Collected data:
*** Block opens ***

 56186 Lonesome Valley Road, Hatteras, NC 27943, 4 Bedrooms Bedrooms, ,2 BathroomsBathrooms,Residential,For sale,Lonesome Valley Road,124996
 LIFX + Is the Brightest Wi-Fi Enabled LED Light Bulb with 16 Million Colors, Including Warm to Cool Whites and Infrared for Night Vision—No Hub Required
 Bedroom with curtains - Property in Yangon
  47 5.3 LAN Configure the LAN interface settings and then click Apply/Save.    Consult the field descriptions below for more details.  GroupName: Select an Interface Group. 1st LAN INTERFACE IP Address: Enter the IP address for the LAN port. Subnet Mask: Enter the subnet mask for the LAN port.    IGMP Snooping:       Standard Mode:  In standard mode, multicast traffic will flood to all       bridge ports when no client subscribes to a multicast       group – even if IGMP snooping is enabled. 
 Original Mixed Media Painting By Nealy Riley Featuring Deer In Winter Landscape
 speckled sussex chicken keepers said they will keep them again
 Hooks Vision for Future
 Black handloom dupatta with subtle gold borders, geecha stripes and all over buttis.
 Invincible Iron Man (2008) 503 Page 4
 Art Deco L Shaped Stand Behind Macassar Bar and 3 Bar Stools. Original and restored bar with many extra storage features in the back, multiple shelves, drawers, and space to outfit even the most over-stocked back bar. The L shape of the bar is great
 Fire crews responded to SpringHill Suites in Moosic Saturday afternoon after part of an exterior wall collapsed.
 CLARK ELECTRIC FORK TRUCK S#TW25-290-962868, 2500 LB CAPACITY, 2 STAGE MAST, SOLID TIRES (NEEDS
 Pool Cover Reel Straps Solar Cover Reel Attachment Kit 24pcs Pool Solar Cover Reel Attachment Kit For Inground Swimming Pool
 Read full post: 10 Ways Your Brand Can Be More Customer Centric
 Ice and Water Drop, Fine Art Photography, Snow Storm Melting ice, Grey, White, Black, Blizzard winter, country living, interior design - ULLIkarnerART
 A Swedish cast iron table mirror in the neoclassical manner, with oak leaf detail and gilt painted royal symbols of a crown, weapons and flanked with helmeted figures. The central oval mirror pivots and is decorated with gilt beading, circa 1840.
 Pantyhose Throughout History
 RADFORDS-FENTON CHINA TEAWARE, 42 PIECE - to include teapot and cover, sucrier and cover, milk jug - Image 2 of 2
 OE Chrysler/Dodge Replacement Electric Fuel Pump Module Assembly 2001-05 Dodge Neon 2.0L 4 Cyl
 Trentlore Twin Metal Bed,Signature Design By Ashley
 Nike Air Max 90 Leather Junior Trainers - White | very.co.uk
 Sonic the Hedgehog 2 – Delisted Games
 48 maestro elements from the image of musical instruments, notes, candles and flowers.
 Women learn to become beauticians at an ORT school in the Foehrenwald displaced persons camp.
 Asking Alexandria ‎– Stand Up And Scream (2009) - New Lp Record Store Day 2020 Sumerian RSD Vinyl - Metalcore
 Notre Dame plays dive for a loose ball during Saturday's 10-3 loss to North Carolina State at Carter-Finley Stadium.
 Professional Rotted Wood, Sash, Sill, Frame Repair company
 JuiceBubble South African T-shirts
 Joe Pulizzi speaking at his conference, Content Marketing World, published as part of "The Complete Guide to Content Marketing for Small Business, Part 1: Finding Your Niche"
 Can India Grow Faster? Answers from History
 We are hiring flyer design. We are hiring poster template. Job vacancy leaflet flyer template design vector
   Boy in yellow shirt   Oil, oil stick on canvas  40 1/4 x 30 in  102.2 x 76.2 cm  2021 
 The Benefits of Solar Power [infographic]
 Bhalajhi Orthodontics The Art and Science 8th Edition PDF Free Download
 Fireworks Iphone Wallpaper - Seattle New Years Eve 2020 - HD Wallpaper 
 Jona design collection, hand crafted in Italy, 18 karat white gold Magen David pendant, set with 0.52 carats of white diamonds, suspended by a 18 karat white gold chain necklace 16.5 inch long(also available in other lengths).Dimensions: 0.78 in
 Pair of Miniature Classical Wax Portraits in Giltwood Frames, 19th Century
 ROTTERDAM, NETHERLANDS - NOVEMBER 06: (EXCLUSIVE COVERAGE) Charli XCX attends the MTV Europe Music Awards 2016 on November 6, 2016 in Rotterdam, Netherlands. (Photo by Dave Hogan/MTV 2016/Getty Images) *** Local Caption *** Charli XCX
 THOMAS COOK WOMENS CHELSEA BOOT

*** Block closes ***

Your reply should be an exact copy of every line from the line with "Jona design collection, hand" through the final line of the data, and nothing more.

 Jona design collection, hand crafted in Italy, 18 karat white gold Magen David pendant, set with 0.52 carats of white diamonds, suspended by a 18 karat white gold chain necklace 16.5 inch long(also available in other lengths).Dimensions: 0.78 in
 Pair of Miniature Classical Wax Portraits in Giltwood Frames, 19th Century
 ROTTERDAM, NETHERLANDS - NOVEMBER 06: (EXCLUSIVE COVERAGE) Charli XCX attends the MTV Europe Music Awards 2016 on November 6, 2016 in Rotterdam, Netherlands. (Photo by Dave Hogan/MTV 2016/Getty Images) *** Local Caption *** Charli XCX
 THOMAS COOK WOMENS CHELSEA BOOT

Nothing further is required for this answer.